_What is expected:_ Pictures stay out of the copy; set down each line of the listing below exactly.

_Supplied information:_
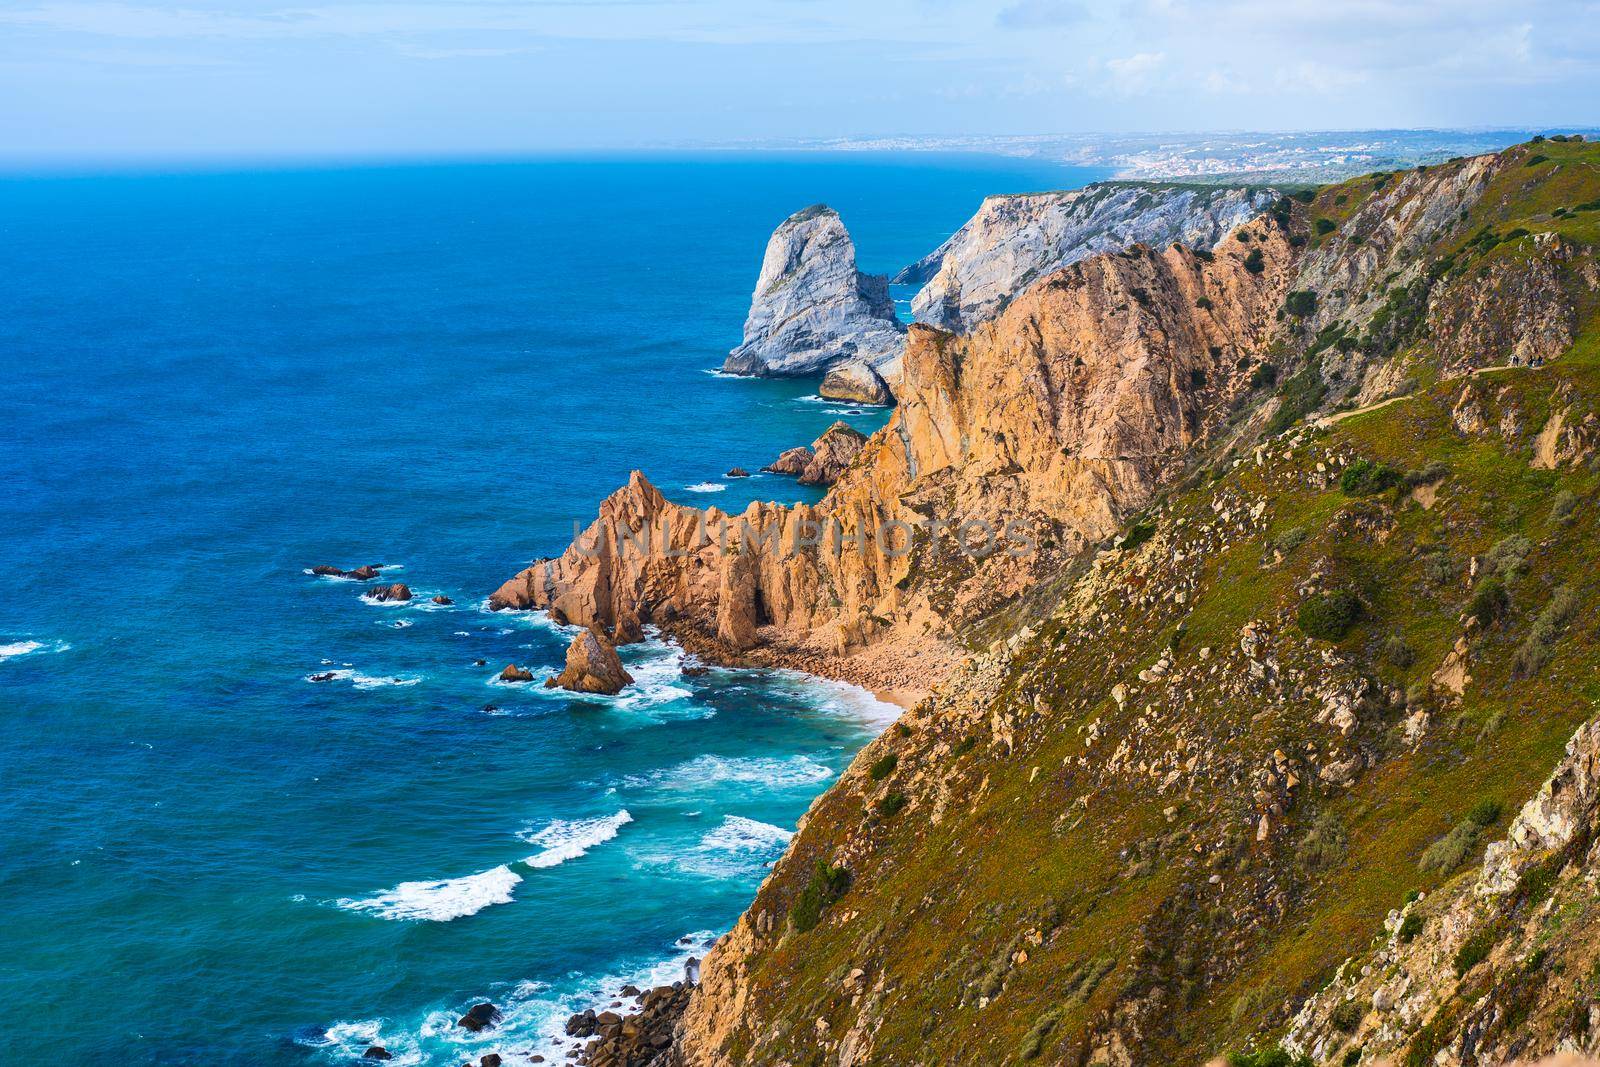 Atlantic ocean view with cliff. View of Atlantic Coast at Portugal, Cabo da Roca. Summer day. Seaside. Coastline. Beautiful landscape
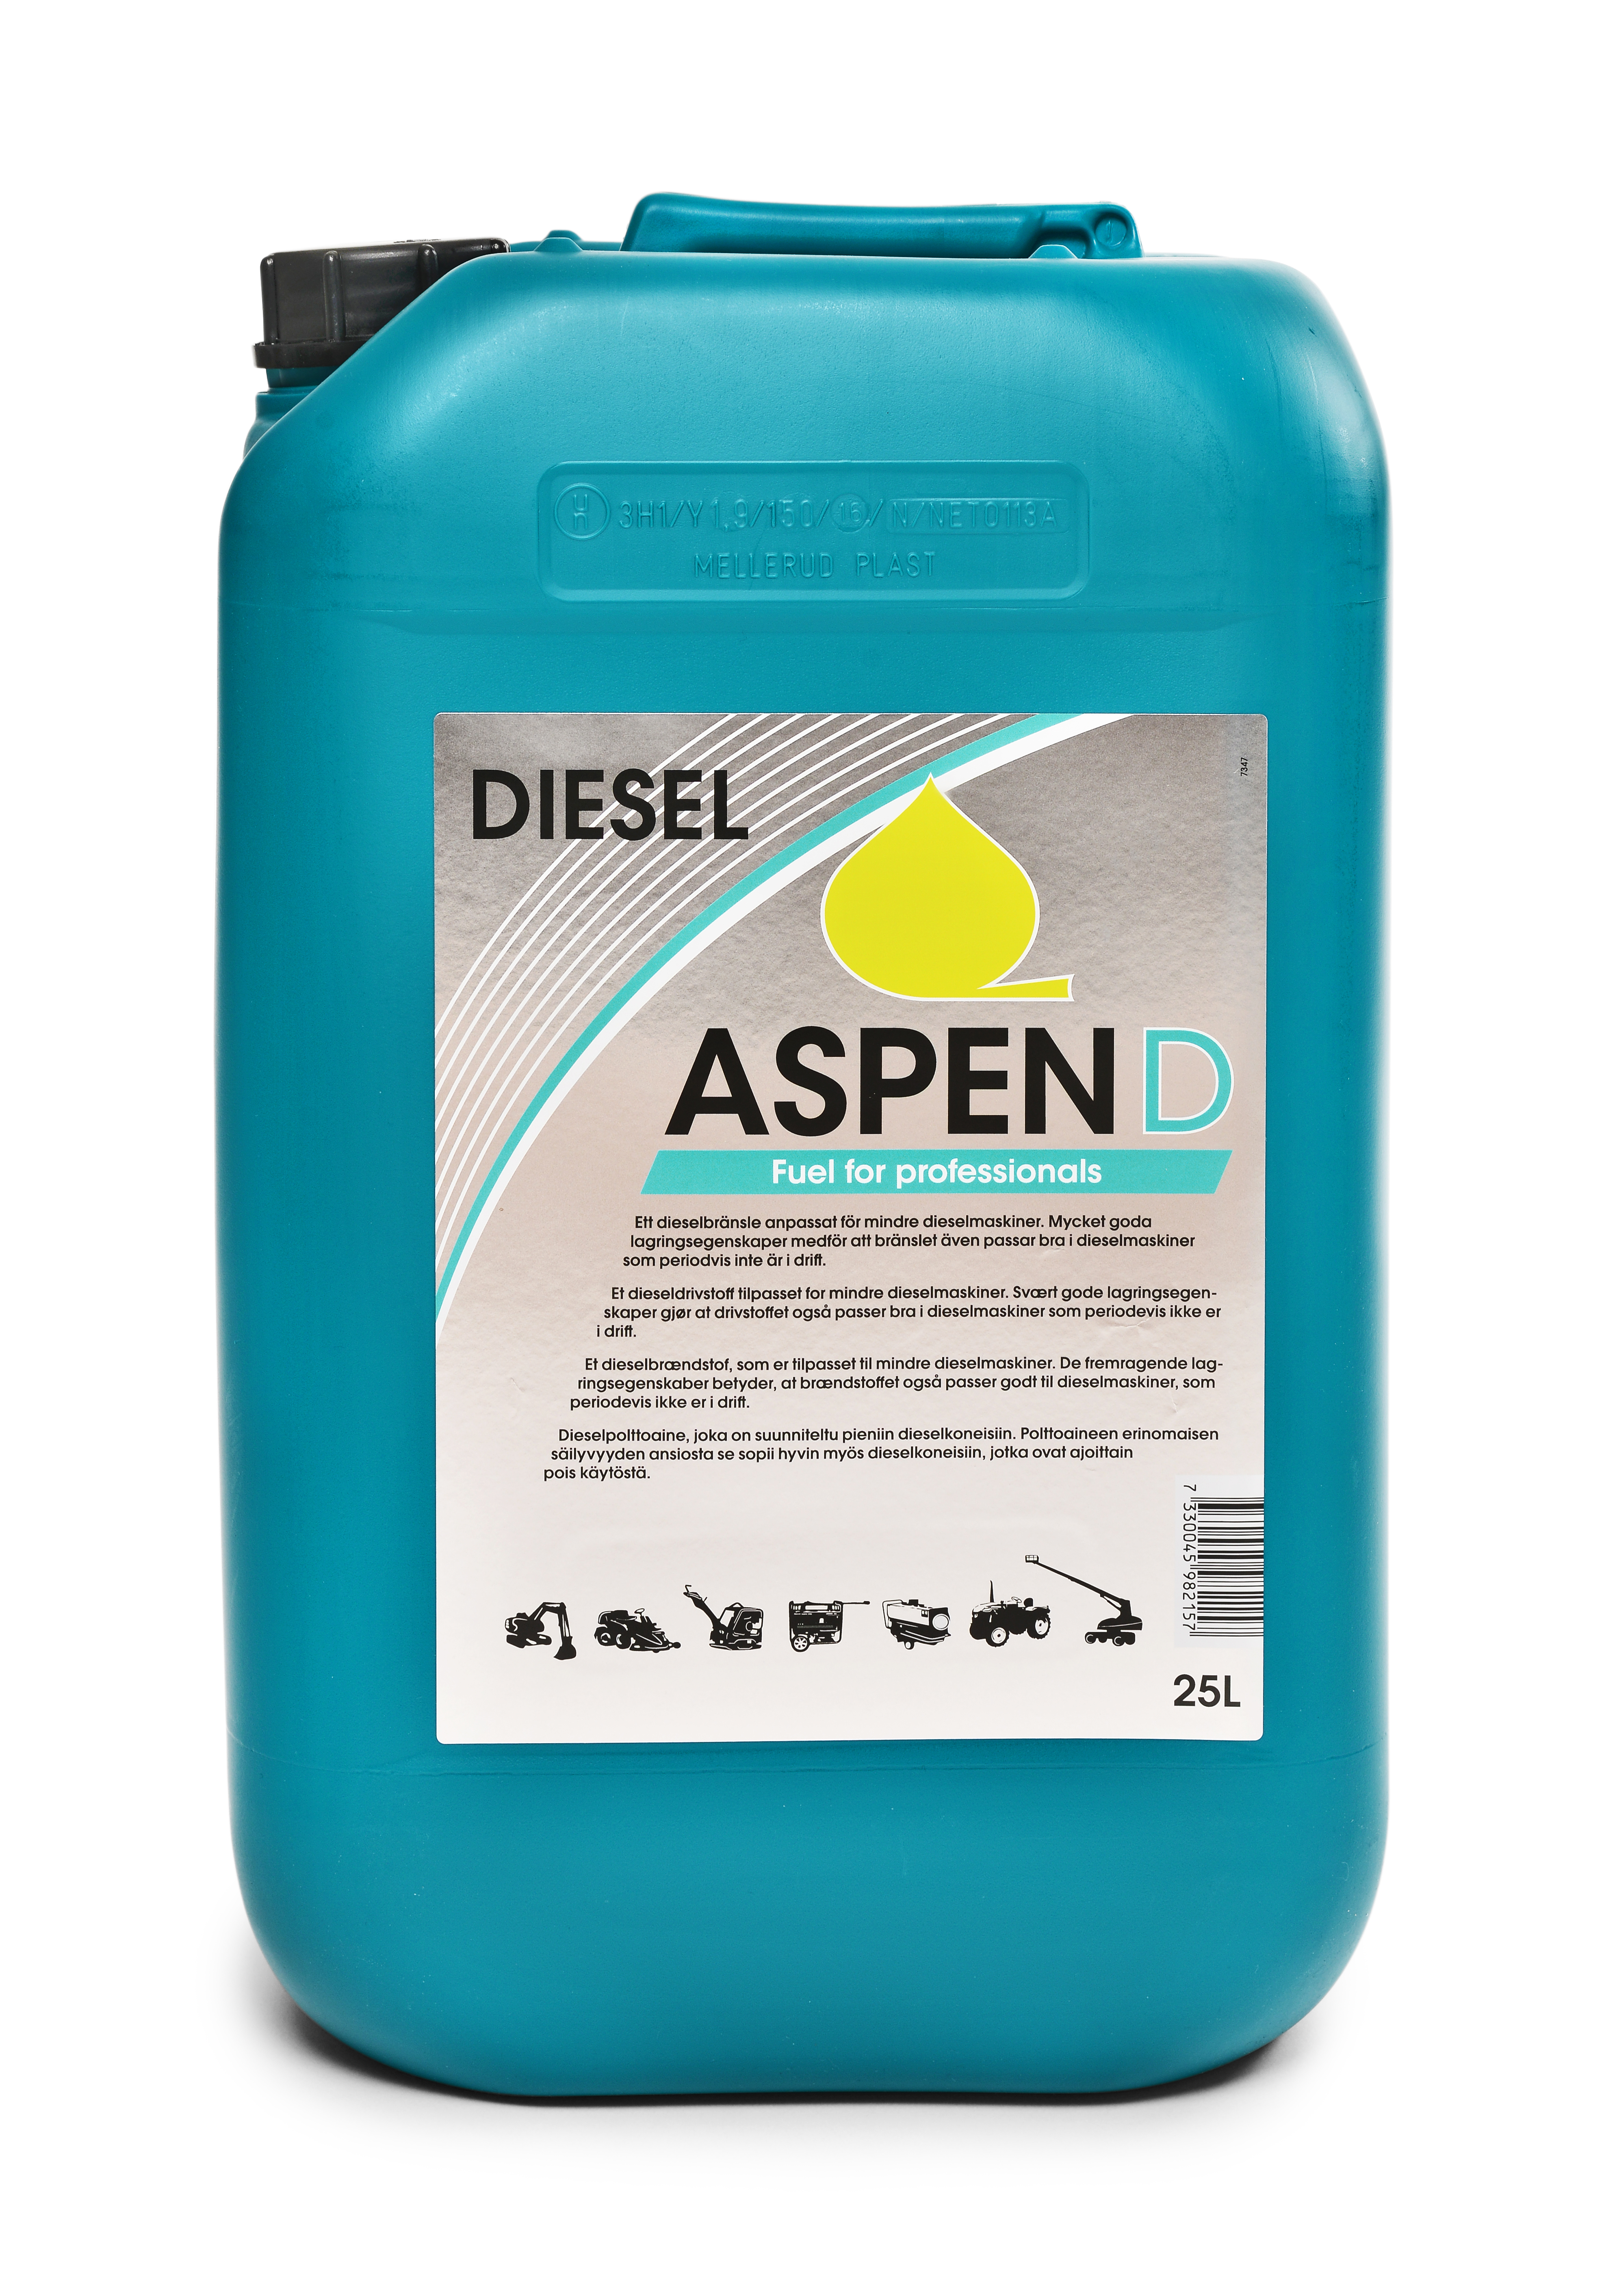 Diesel Aspen D 25 lit
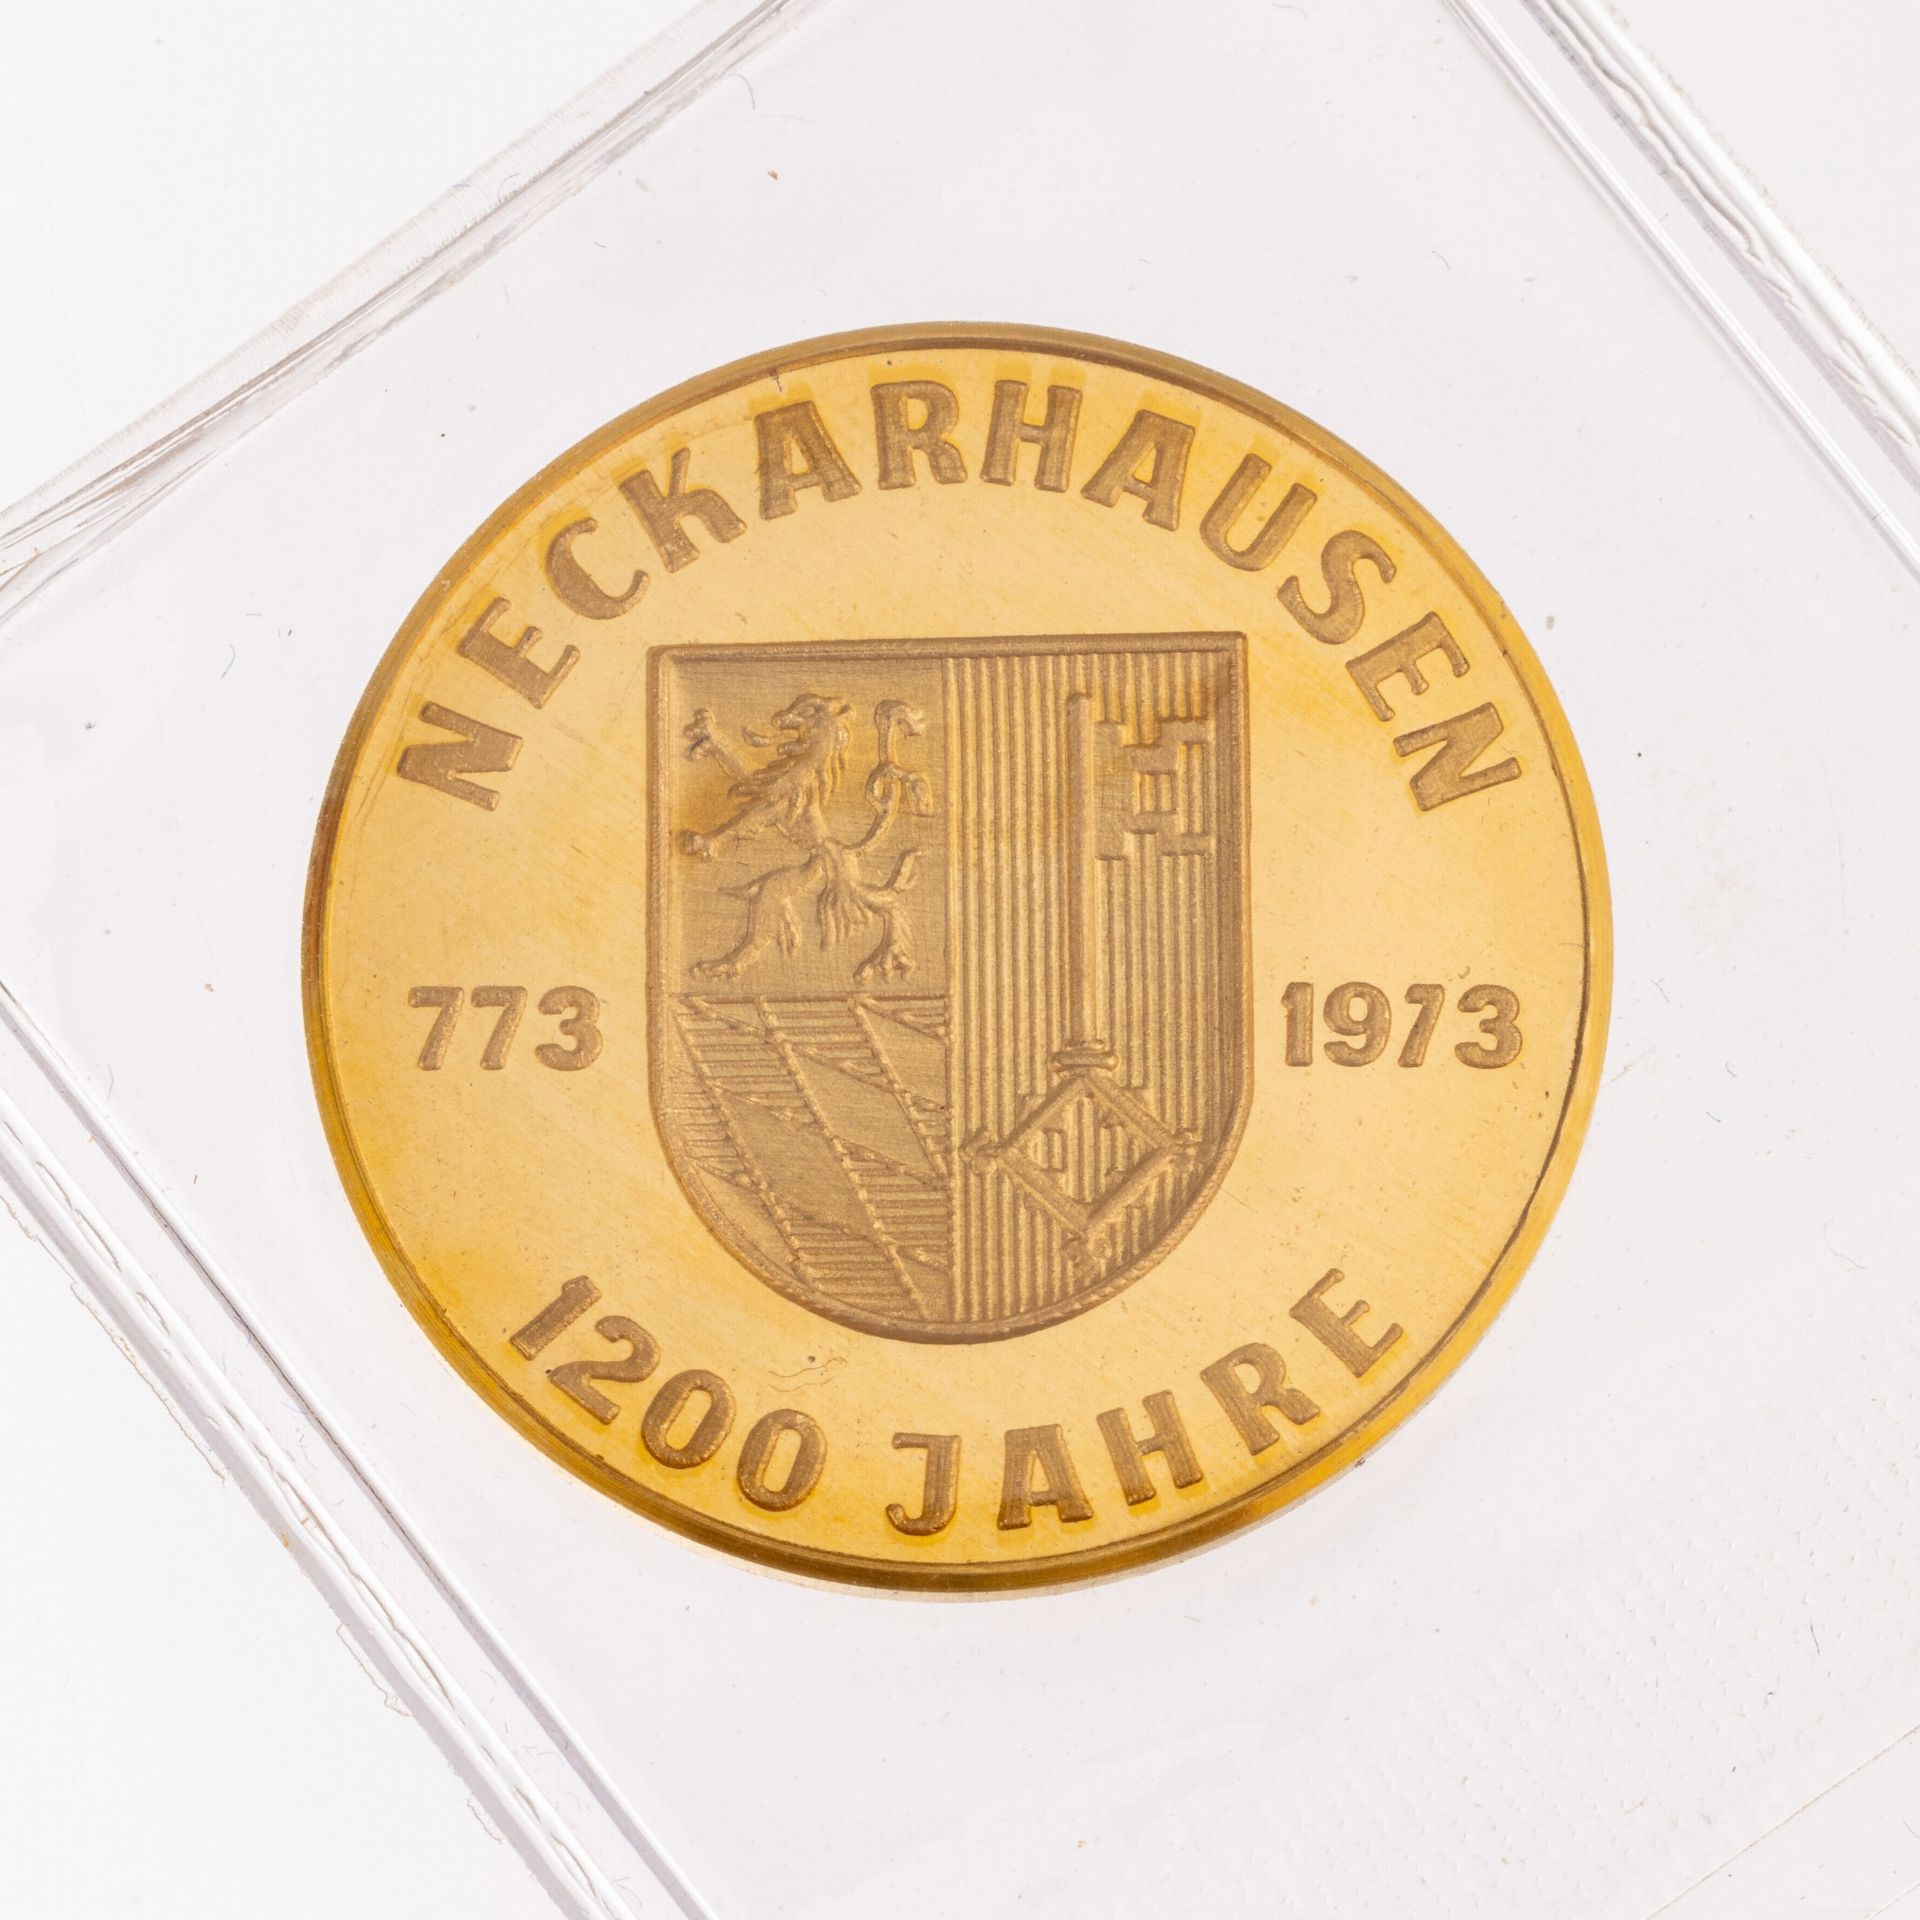 Goldmedaille 'Neckarhausen',   986er Gold, AV: 1200 Jahre

_Response:_
 Atlantic ocean view with cliff. View of Atlantic Coast at Portugal, Cabo da Roca. Summer day. Seaside. Coastline. Beautiful landscape
 Diesel Aspen D 25 lit
 Goldmedaille 'Neckarhausen',   986er Gold, AV: 1200 Jahre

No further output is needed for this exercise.